I'm looking for the shortest possible standard-compliant and safe way of
making this substring extraction. (Yes, "shortest" and "quickest" as I've
used them here are subjective measures, but I'm sure people will intuitively
get the idea of what I'm trying to accomplish.)

One thing missing from the original problem statement is that there can be
any number of characters after the closing parentheis. These characters can
be anything (including digits). Sorry.
 
C

cpp_weenie

cpp_weenie said:
number

One thing missing from the original problem statement is that there can be
any number of characters after the closing parentheis. These characters can
be anything (including digits). Sorry.

Well, to try and get the discussion started, here's the best I've come up
with:

Assume the original string is in str.

string new_str(str.begin()+8, str.begin()+str.find(')'));

Can anybody suggest an improvement on this?
 
M

Mike Wahler

cpp_weenie said:
number

One thing missing from the original problem statement is that there can be
any number of characters after the closing parentheis.

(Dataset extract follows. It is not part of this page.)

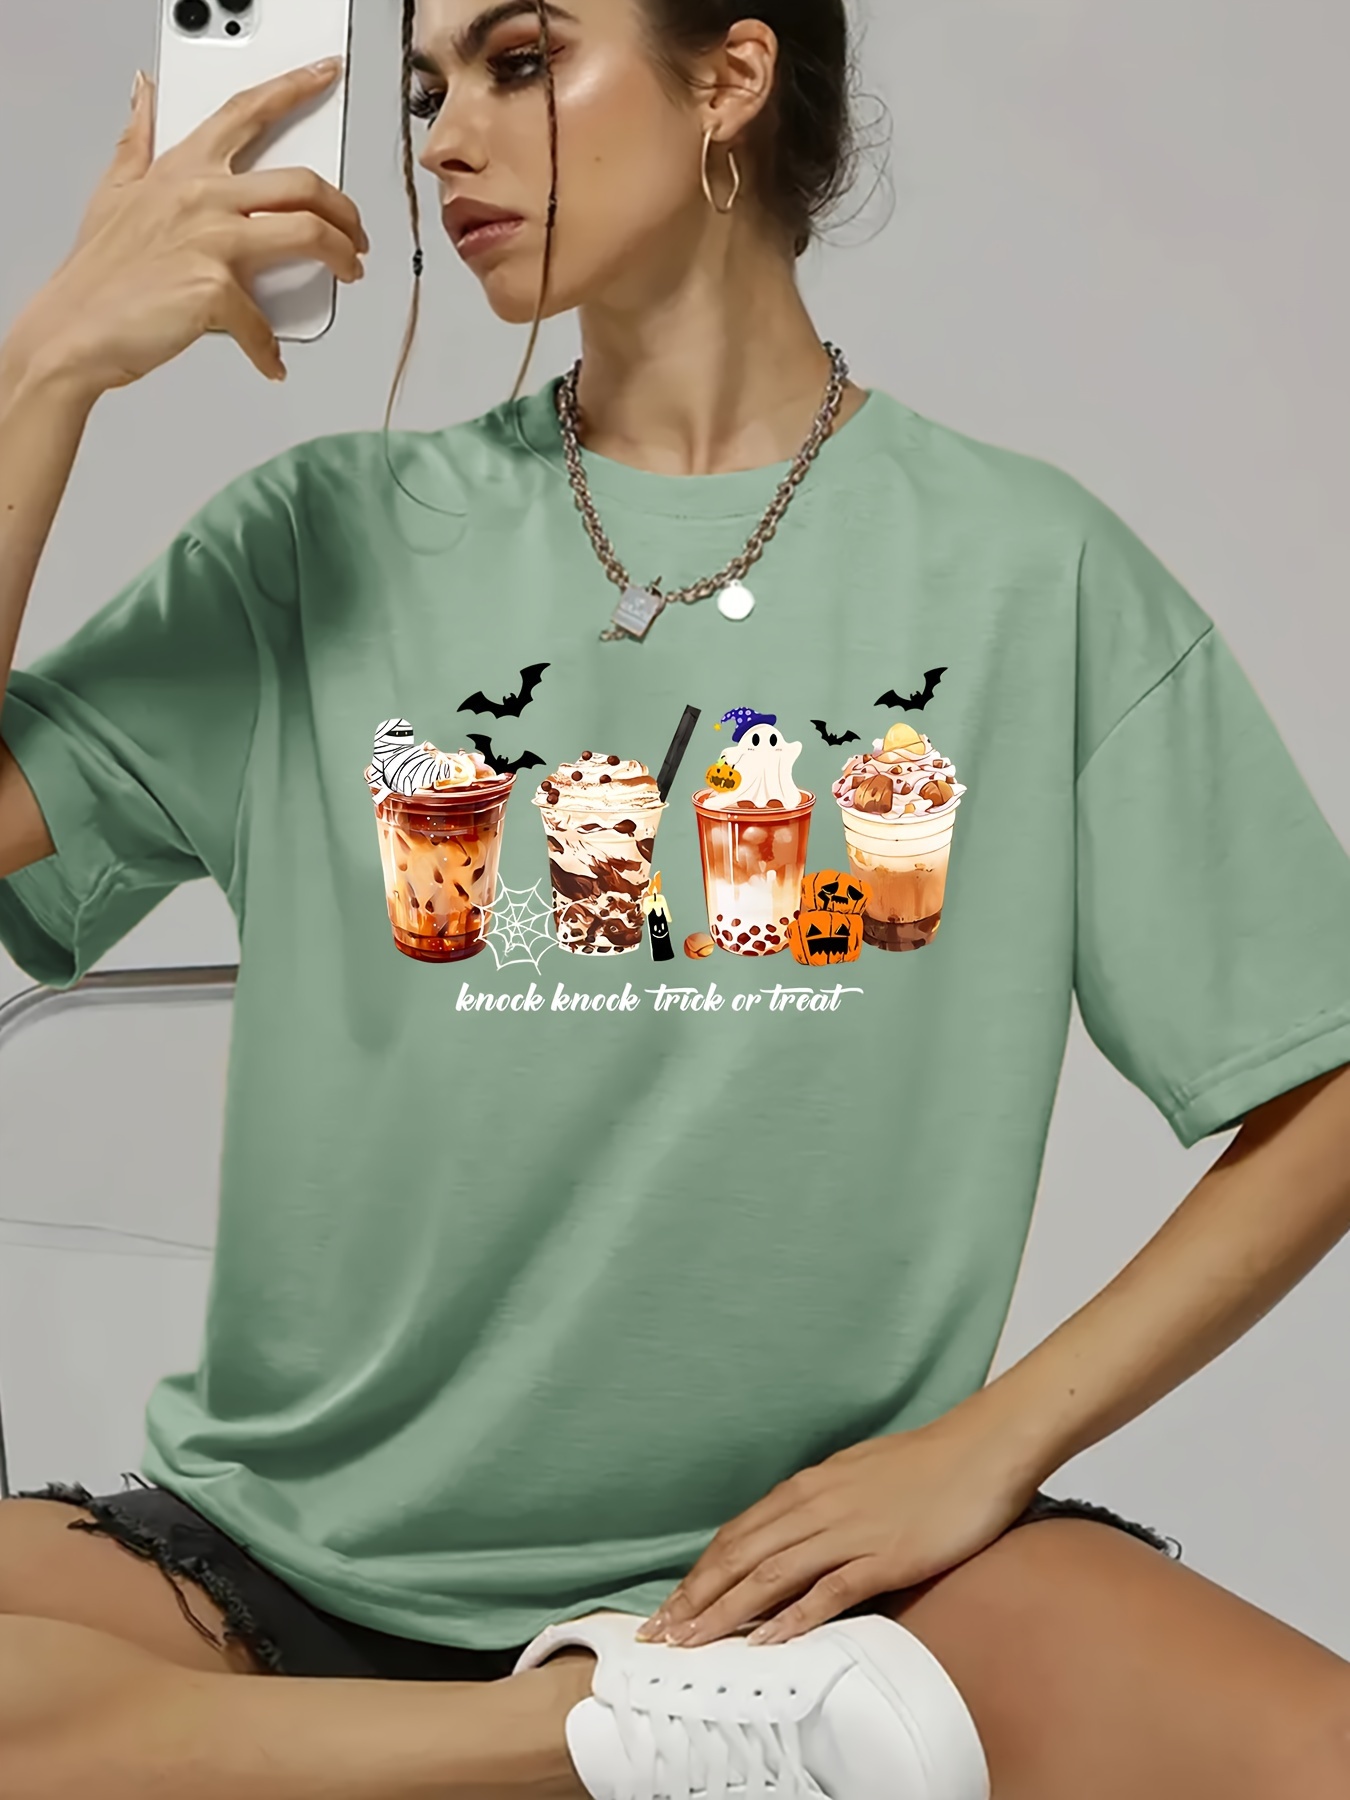 Printed coffee t shirts, Coffee is the best medicine

These characters can
be anything (including digits). Sorry.


// between():
//
// Returns string found between first occurence
// of 'ldelim' and first occurence of 'rdelim'
//
// If either delimiter not found, returns empty string
std::string between(const std::string& s,
char ldelim, char rdelim)
{
static std::string::const_iterator b(s.begin());
static std::string::const_iterator e(s.end());
static std::string::const_iterator lp;
static std::string::const_iterator rp;

std::string result;

if((lp = std::find(b, e, ldelim)) != e)
if((rp = std::find(++lp, e, rdelim)) != e)
result = std::string(lp, rp);

return result;

}

int main()
{
const char LD('(');
const char RD(')');

std::string s("default(123)abc");
std::string b(between(s, LD, RD));
std::cout << b << '\n';
return 0;
}

Output:

123


Not thoroughly tested.

I'm not clear whether the presence the of string
"default" is required for validity of the found '('
character.

E.g. should

"abc(123)xyz" cause return of "123" or not?

The code above does.

HTH,
-Mike
 
C

cpp_weenie

// between():
//
// Returns string found between first occurence
// of 'ldelim' and first occurence of 'rdelim'
//
// If either delimiter not found, returns empty string
std::string between(const std::string& s,
char ldelim, char rdelim)
{
static std::string::const_iterator b(s.begin());
static std::string::const_iterator e(s.end());
static std::string::const_iterator lp;
static std::string::const_iterator rp;

std::string result;

if((lp = std::find(b, e, ldelim)) != e)
if((rp = std::find(++lp, e, rdelim)) != e)
result = std::string(lp, rp);

return result;

}

int main()
{
const char LD('(');
const char RD(')');

std::string s("default(123)abc");
std::string b(between(s, LD, RD));
std::cout << b << '\n';
return 0;
}

Output:

123


Not thoroughly tested.

I'm not clear whether the presence the of string
"default" is required for validity of the found '('
character.

E.g. should

"abc(123)xyz" cause return of "123" or not?

The code above does.

Thanks Mike, a good general solution! To answer your question, the leading
prefix is indeed always precisely "default(".
 
M

Mike Wahler

cpp_weenie said:
Thanks Mike, a good general solution! To answer your question, the leading
prefix is indeed always precisely "default(".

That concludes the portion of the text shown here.